Thursday, March 13, 2008


This is post #51 and Winifred has still failed to login herself and share these things with the web. Just sayin'. It's been a gender discriminatory two weeks, and I've been an aggressive monger this week. So have the other Quimbys, and my inbox is bursting with material to share.

Let's start with my most recent e-mail from Winifred. She wants us to check out and read Marlo Thomas and Julia Reed's responses to yesterday's Question of the Day (Should Silda Spitzer Stand By Her Man?)

wowOwow is a "website created, run and written by Lesley Stahl, Peggy Noonan, Liz Smith, Joni Evans, Mary Wells, Sheila Nevins, Joan Juliet Buck, Whoopi Goldberg, Julia Reed, Joan Ganz Cooney, Judith Martin, Candice Bergen, Lily Tomlin, Jane Wagner, and Marlo Thomas." It launched last Saturday.
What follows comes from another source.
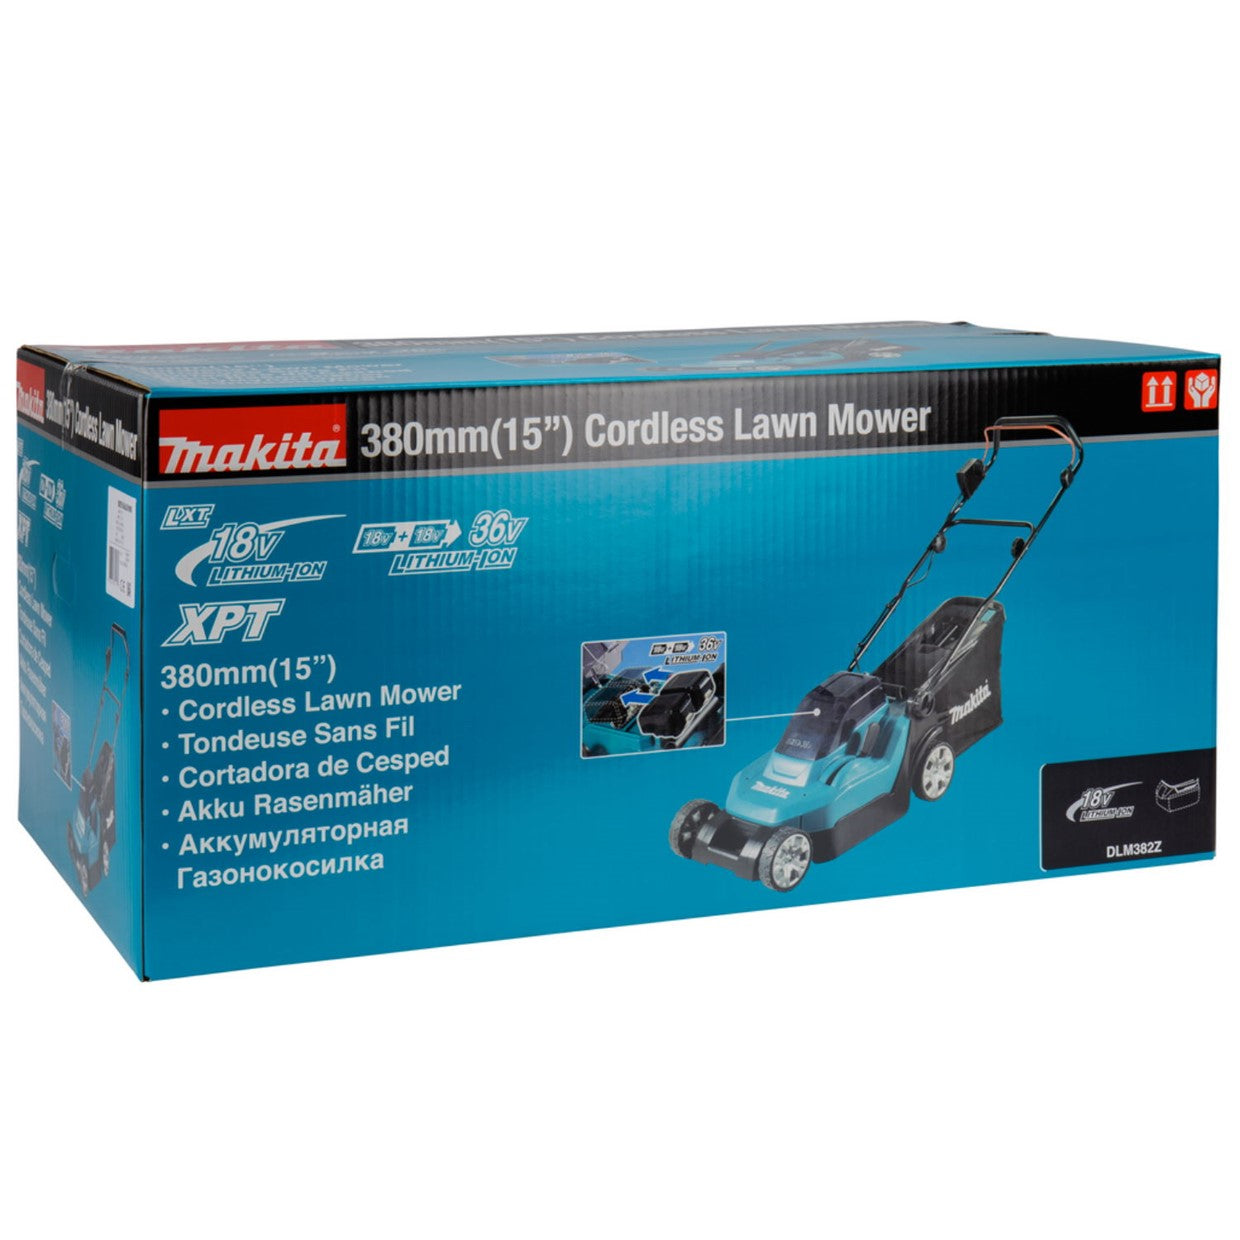 Makita 36v Cordless Lawn Mower ( 18v+18v) DLM382Z Solo Power Tool Services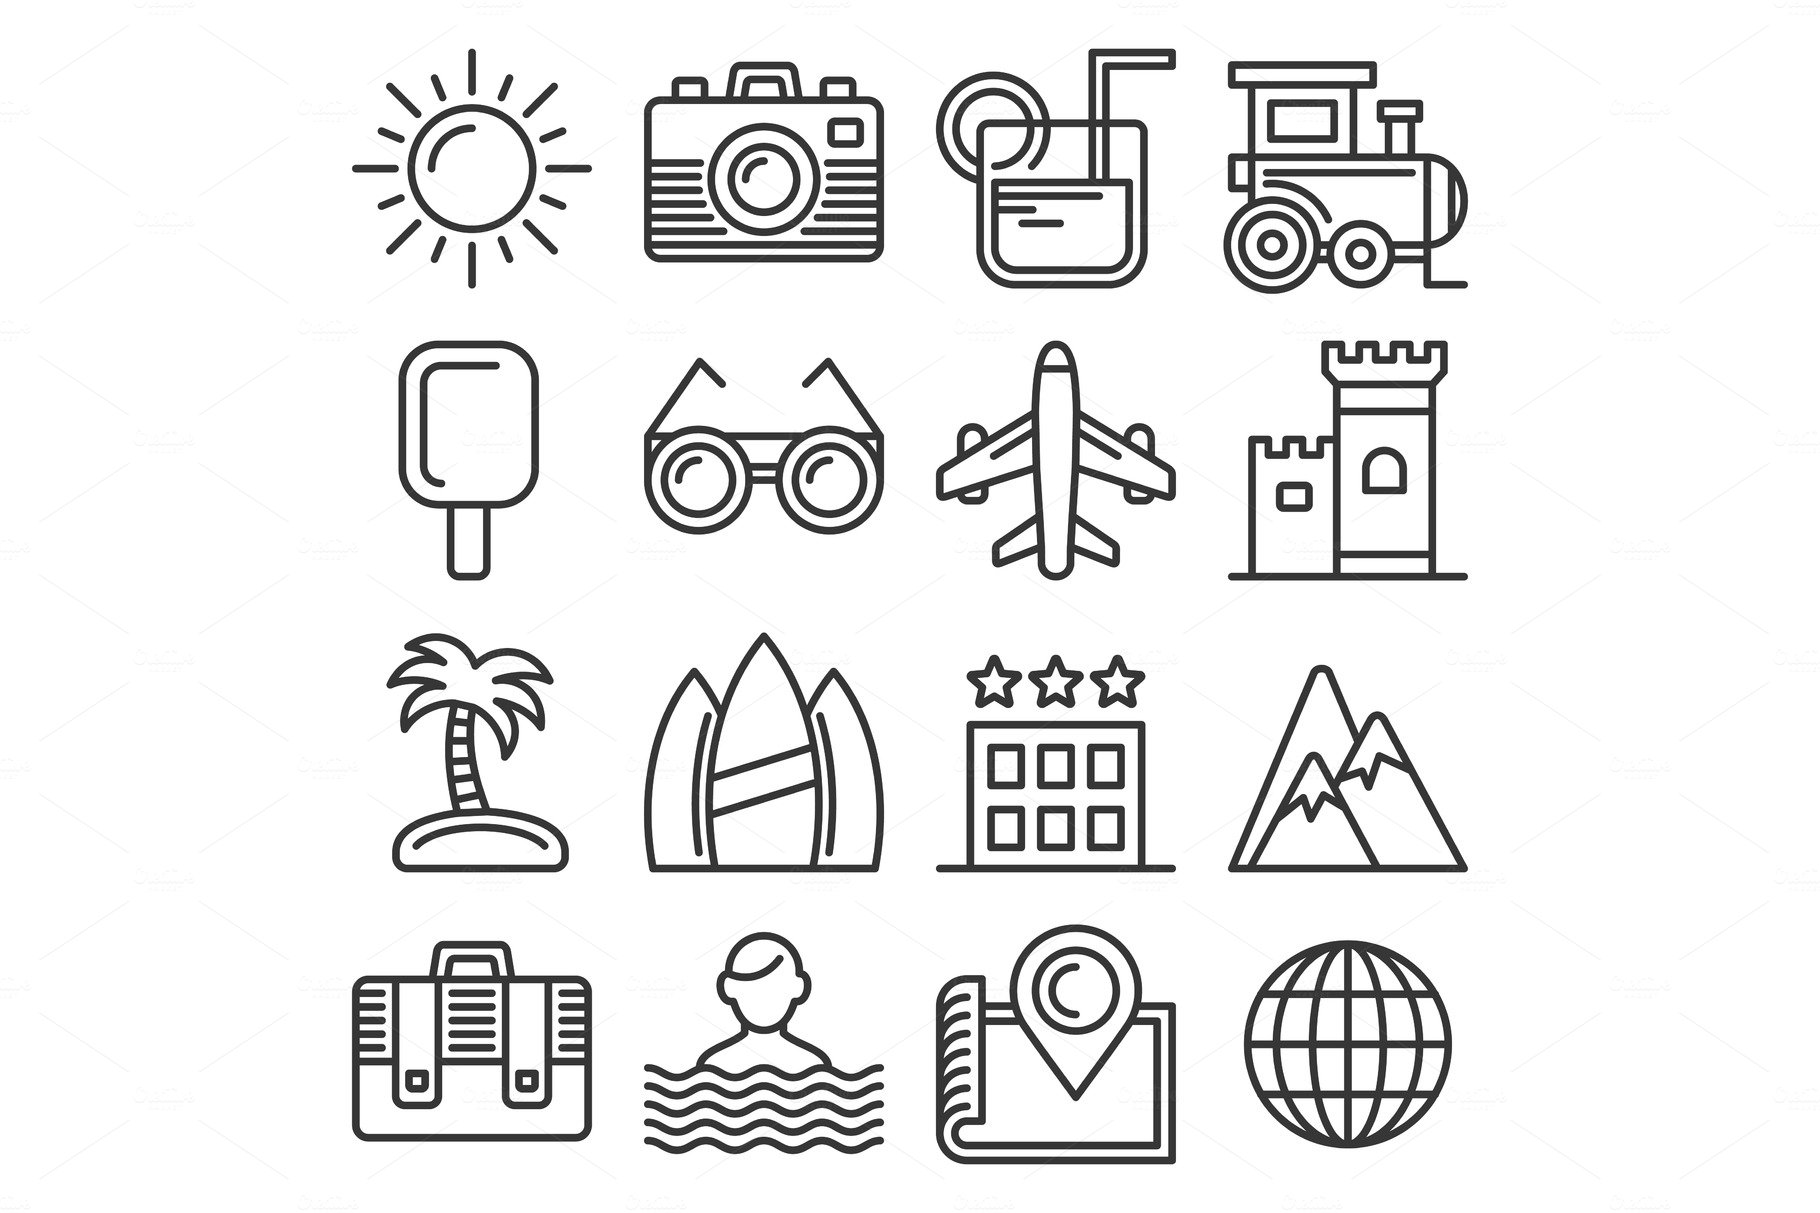 Summer Icons Set on White Background cover image.

I'm not so keen on Whoopi but I'll hold my breath that this doesn't go downhill. I'm all for women on the internet, and hey guess what! I'll get to that next.

Here's what Marlo has to say:
It is her decision whether she wants to stand by him in the long run — but for God’s sake — why must these women have to stand next to them when they confess their sins?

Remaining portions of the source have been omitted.